Davide Bart Salvemini è un orso rosa che si aggira nella foresta tra abeti a pois rossi e piante carnivore dagli occhi ondulati. Dopo anni di studi contrastanti, tra la voglia di costruire robot intergalattici e vivere avventure noir in città desolate, si avvicina allo studio della psiche deformando e colorando la proprio realtà.
Ama viaggiare, collezionare zaini e raccontare trip mentali intorno al fuoco.
Riesci a bilanciare una narrazione agile e scanzonata con tavole concettuali sullo stile di Jesse Jacobs e Chris Ware. Come sei riuscito a trovare un equilibrio tra questi due elementi?
Prima di lavorare nel mondo del fumetto e dell’illustrazione sono partito collaborando con diversi locali in veste di grafico. Gli equilibri tra spazio, testo ed immagine erano sempre all’ordine del giorno e con l’esperienza mi sono reso conto di come la “matematica” dietro all’impaginazione, avesse dentro di se una forza narrativa potente e a volte quasi mistica. Poi sono arrivati tra le mie mani le fantastiche tavole di Jacobs e Ware, ed è li che è partita la
scintilla. Imposto ogni volta le tavole in modo maniacale pesando ogni tipo di ingombro sia attraverso il
segno che i colori, cercando ogni volta di ottenere un lavoro fermo nella sua staticità. La fusione tra narrazione e grafica è diventata la mia vocazione: il mio linguaggio.
Sotto la patina psichedelica e le scelte cromatiche enfatiche c’è di più: riflessioni sul concetto di divinità, l’eterno ritorno dell’uguale e la foga dell’esplorazione continua. Pensi di aver creato un’opera complessa da assorbire, per i diversi livelli di lettura, oppure credi che il lettore possa anche divertirsi solamente con lo strato di avventura più superficiale?
Vengo da quello che mi è sempre piaciuto, ovvero i romanzi e i saggi, infatti il mio sogno nel cassetto è scrivere un romanzo. Nel fumetto ho visto la fusione fra la scrittura e i film, un altro ambito di cui sono appassionato. Quello che mi piace dei fumetti e che mi interessa da sempre è parlare di cose complicate facendo divertire il lettore. Per esempio, ho creato quei personaggini che sembrano un po’ giocattoli, ispirandomi a quelli che uscivano anche in edicola negli anni ’80/’90 con i quali da bambino inventavi le tue prime storie. Secondo me per Kaleido c’è bisogno di una seconda lettura, perché le immagini colpiscono prima e più efficacemente l’occhio, mentre con la rilettura si possono scoprire i contenuti e le idee di fondo. È importante nella società che si viaggi di più, ma non solamente per divertirsi, quanto per trovare nuovi punti di vista su quello che stai vivendo e avere un’apertura e una curiosità più forti.

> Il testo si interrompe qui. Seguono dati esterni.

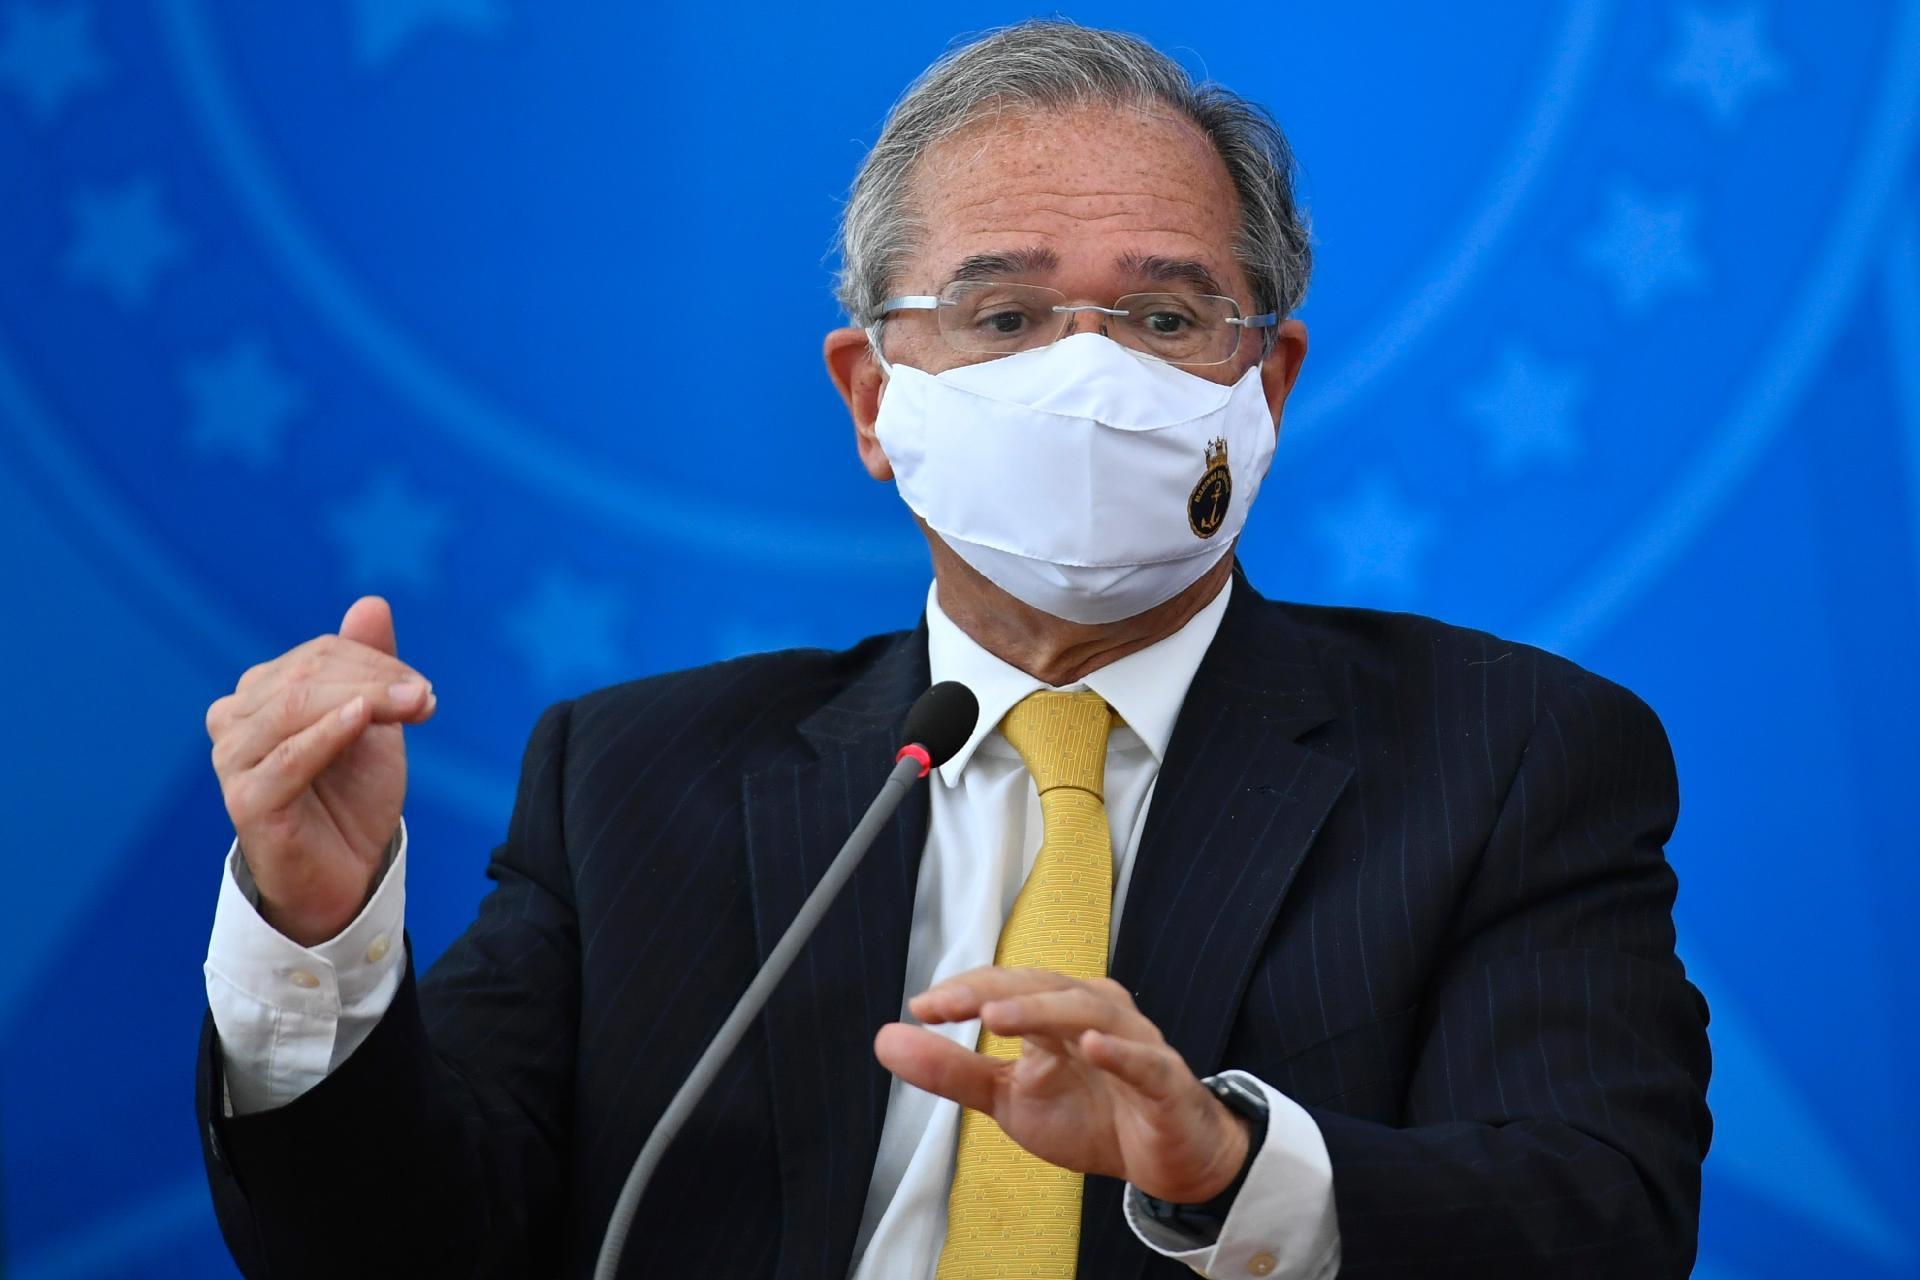 Ministro da Economia, Paulo Guedes - Imagem: Mateus Bonomi/AGIF/Estadão Conteúdo

In Kaleido c’è un narratore esterno che racconta attraverso didascalie e di tanto in tanto viene interrotto da altri due personaggi: la narrazione muta, così come il racconto, e tutto va pian piano a focalizzarsi sul ruolo della trasformazione e del cambiamento, fino al finale decisamente chiaro in questo senso. Ritieni che, grazie anche a questo concetto, i lettori possano dare un’ulteriore interpretazione all’opera, ribaltando ancora le carte in tavola?
Dentro Kaleido ho voluto inserire anche l’influenza dei libri illustrati per bambini. Quando invento i personaggi delle mie storie, mi immagino sempre i miei vecchi giocattoli e di come da piccolo inventavo storie dando ad ognuno di essi un compito o una quest sempre diversa.

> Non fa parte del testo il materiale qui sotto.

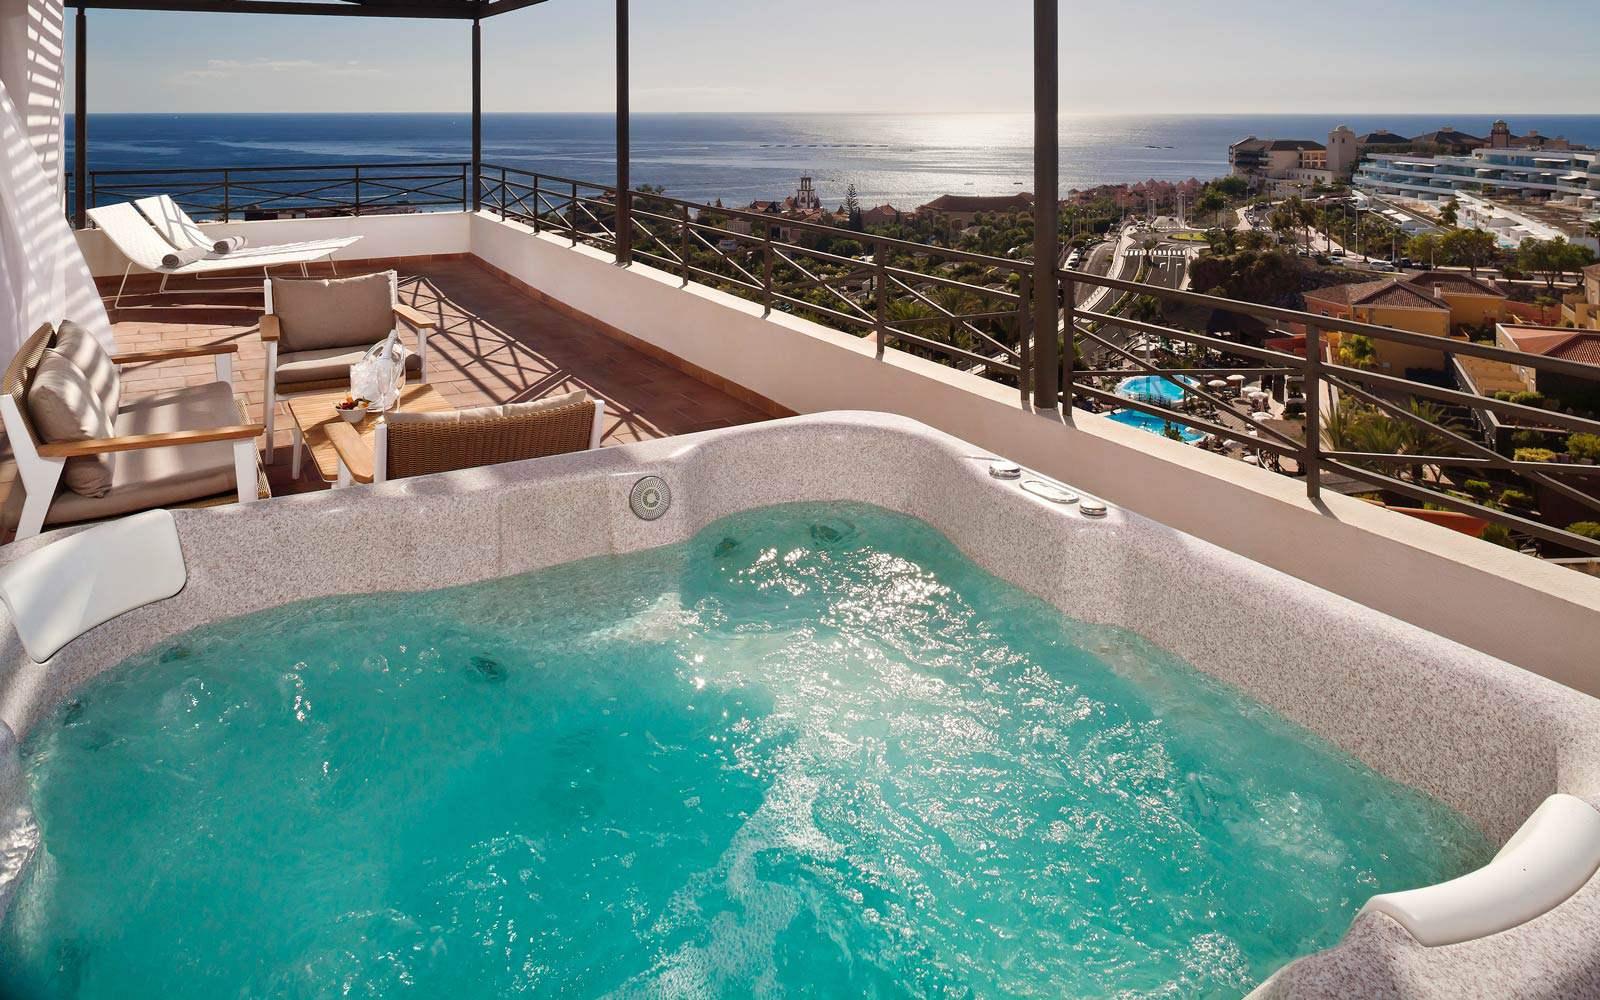 Melia Jardines del Teide - Presidential Suite - Terrace

La costruzione delle tavole colpisce fin da subito e si nota una sorta di densità e coesione delle vignette che convivono nelle stesse pagine, tra l’altro anch’esse ancora più compresse grazie alle cornici con le quali le circondi. Come è stata la lavorazione del libro in questo senso e cosa ti ha spinto a queste scelte?
Partiamo dal presupposto per cui ho sempre sofferto di horror vacui, per cui avevo l’ossessione di riempire gli spazi con particolari. Con la ricerca e con lo studio ho cercato sempre più di pulire il tratto ed essere il più minimale possibile. Lavorando anche nel campo dell’animazione volevo che le tavole prendessero spunto pure da quello. Per esempio in Kaleido ci sono tavole dove il gigante mangia delle persone, e ho voluto rendere quei movimenti come se fossero reali. Venendo solo da storie brevi su autoproduzioni, il lavoro con Eris mi ha fatto comprendere l’importanza dei vuoti e dei pieni all’interno della narrazione: cercare di non essere sempre troppo denso e provare a dare più respiro. Fosse per me andrei sempre a mille, con azioni continue e senza respiro, ma sono sicuro che il lettore esploderebbe poco dopo (ride).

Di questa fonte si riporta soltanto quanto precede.